Friday, June 23, 2017

An introvert's review of the past year



Year One-and-Done. I think of all the people who simply were there.

For all the people who give a constancy to my life. Kind partners or friendly strangers, people who said Hello.

Awkward conversations, well trodden shallows like sports or how college was going or the weather, people who knew my name at and said it and nothing else. Sometimes that was all it took. If you have a name then you belong.

Greetings in hallways, two-minute chats. The people I only have something to discuss with after a test. How I treasure those.

People who would walk the way I am going. Maybe to the food trucks, maybe as far as the train station.

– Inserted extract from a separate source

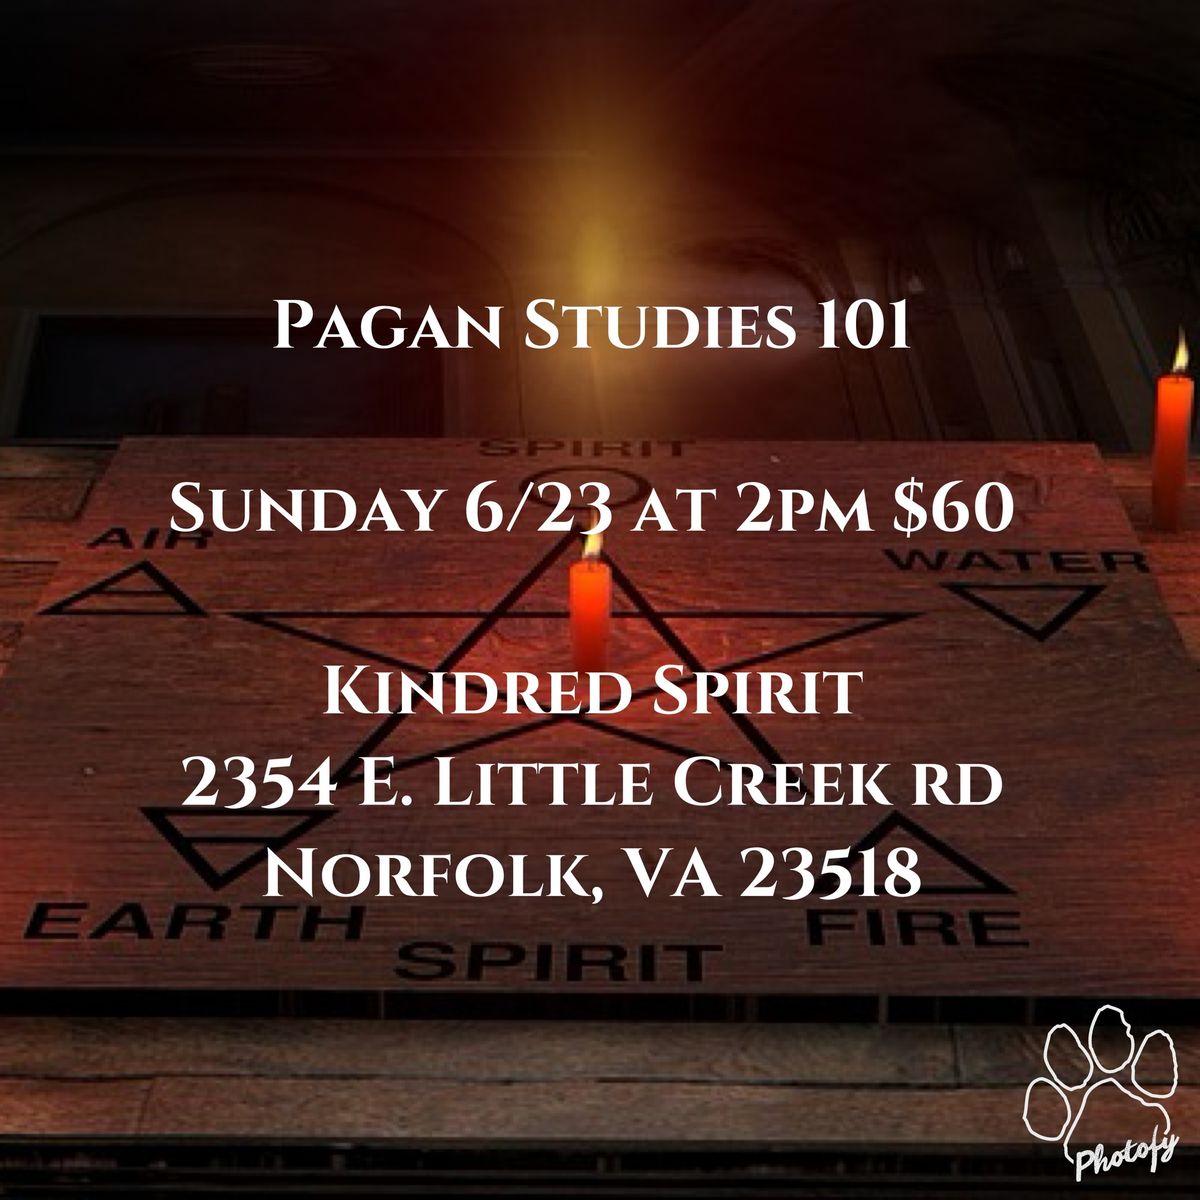 Pagan Studies 101

Correlating routes; those precious intersecting minutes of companionship.

How much I owe to frustrating assignments, authoritative professors. The inexhaustible resource of mutual resentment, griping, bemoaning. How irritating it must have been for upperclassmen to listen to. How happy it was to have something to talk about.

The company of open laptops and lunches. Silence broken by farewells and vile conversations that were welcome conversation all the same. Eye contact and a greetings worth more than money. The reassurance of belonging.

And most wonderful of all, the people who made invitations; never gave up asking, never decided that enough initiating was enough. Said hello from awkward distances, asked quiet people for opinions, invited strangers like me.

Each and every person, whether I spent a moment or an hour, I remember. Your faces and your voices come and go in my memory, sometimes they are actors in my dreams. For you, your interactions may have been mundane, routine or natural, and they were. They were so much more, though. For me they meant the world.